I got studio one artist a few years ago to record some songs, upgraded to producer and started working with samples, now I own studio one 3 pro. People complain about midi editing being easier in other daws, I can´t tell, because s1 is the only daw I ´ve ever used. Everything seems simple, stable, you can drag and drop anything, I love the melodyne integration and I really want to get into using the scratchpad, which seems like an awesome invention that no other daw has. I´ve already written some (movie?)music with it, didnt seem to be a problem. Only thing I miss, as others mentioned, is the score integration. But I haven´t tried out notion so far. Until now I just move the midi files from Finale to S1. The mastering window is nice, too.


----------



## Vastman (Dec 19, 2015)

tack said:


> With Sonar, can you have routing references between templates? For example, say I have a mix template, that sets up a busses for mixing, reverb, etc. And then I have another template for, say, Strings. Can my strings tracks have a send to the reverb bus created by the mix template, and not actually part of the strings template? If so, what happens when you pull in the strings template before the mix template? Does it understand the dependency, or does it ignore the sends that fail to resolve?

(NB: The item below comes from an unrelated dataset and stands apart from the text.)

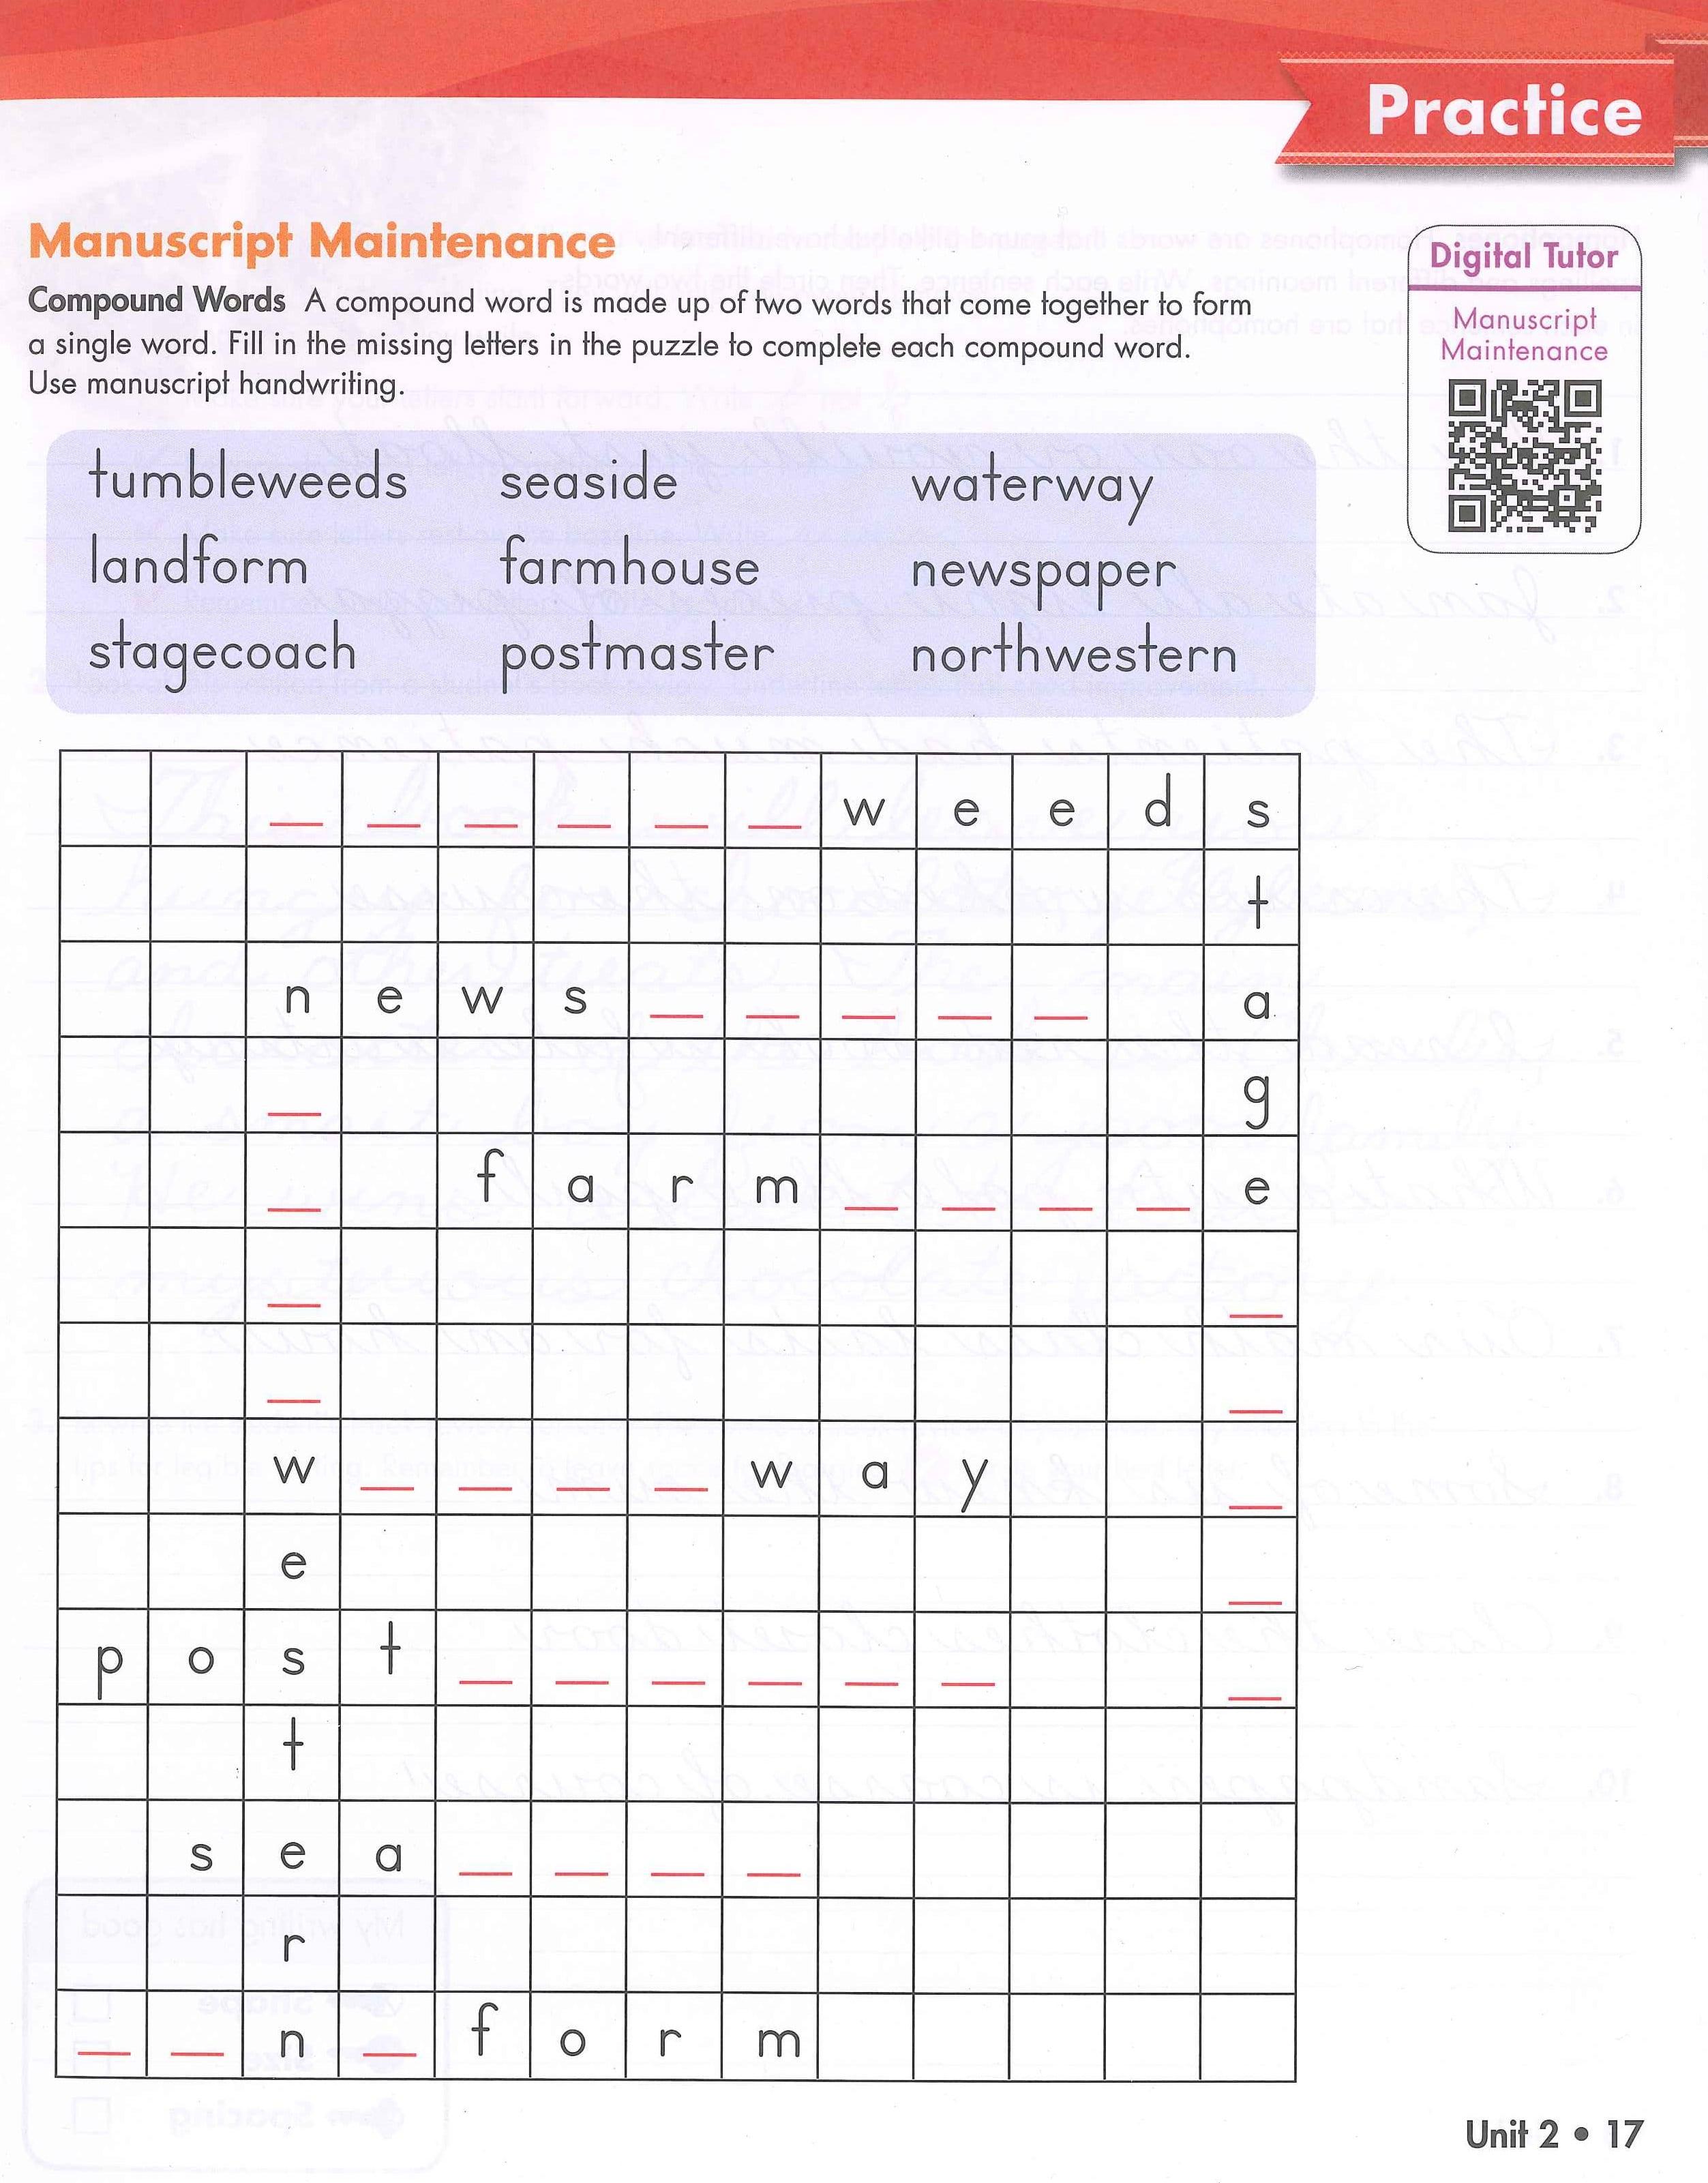 Sale On Zaner Bloser Handwriting M Cript Maintenance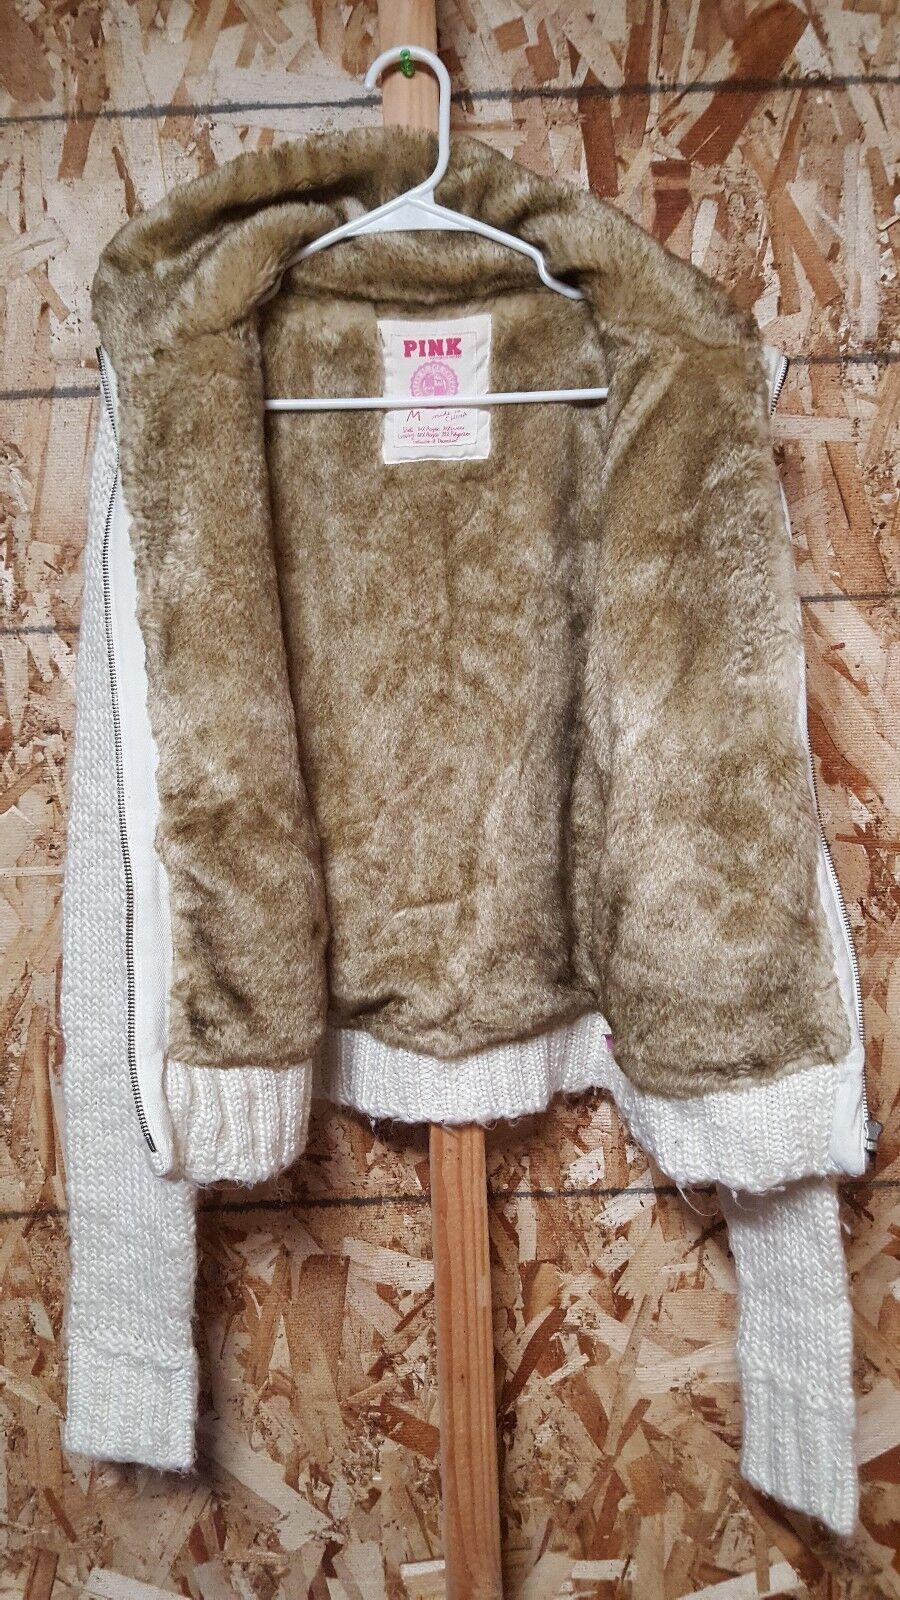 Victoria's Secret PINK faux Fur Lined Sweater Women's Medium

Hi, Tack... sorry for the delay... up all night mucking round with OT's new METROPOLIS ARK 1 and spend all day at work gardening in a semi-oblivious state 

As to your question, Sonar's track template system is quite intellegent... For example, I have a couple very different vocal package templates with mains and harmonies and sends to "reverb" and "delay". One routes the Harmony tracks to a submix buss "Harmonies" and the other just routes them to the mains... As long as the busses are labeled the same, it doesn't duplicate them... which ever template you load first creates them and the next template looks to see if they're there...if so, it uses them.

I have another template with the addition of a nectar2 harmony set up sending to a "Nectar" buss... in that case it looks for the buss and not seeing it, it creates it. And it automatically uses the verb/delay busses... If you want 2 different delay busses, using different delays, you just label the other one "delay2"...

Saves settings per track, so they can all be different.
It's great for spreading the load among cpu cores for multi-instruments like Falcon, which aren't multi-core... just add the same template.

Of course, it gets tricky if you save a kontakt instance as a multi as any changes will be lost when the original multi is brought up again. In such cases I've learned to avoid saving multis I might want to add to as templates... but the basic track set ups are lickity split...

I'm still new at this "template" thing and ain't lookin' for huge templates as each song is unique. It's why I just love the "track" templates... as I can create flexible chunks of instrumentation quickly.

The templates deal with both mix and instrument setups as one but I can't see any reason why you can't have a mix overlay of busses proceed or overlay material... With Sonar's recent monthly additions of new things like patch points, I haven't had the time to fully explore any problems, but the basic system of prescreen/add if needed, should preclude any problem. Wish I wasn't working on gardens for money or I'd have more time for such stuff

There's only one frustration with the track templates... they don't save the colors assigned to the various tracks/folders. It is a feature request many have voted on and we expect it to show up in some monthly update.

Have no idea if Cubase or Logic works this way but neither Ableton or S1 does.

You can trial SPlatinum for 30 days. I'd be curious how a real "orchestrator" would deploy this tool.


----------



## wst3 (Dec 19, 2015)

Cakewalk has been my primary DAW since it was CWPA6, so getting me to budge is difficult, not so much for financial reasons (although always a factor) but I just really don't relish learning a new tool. Gad I'm lazy!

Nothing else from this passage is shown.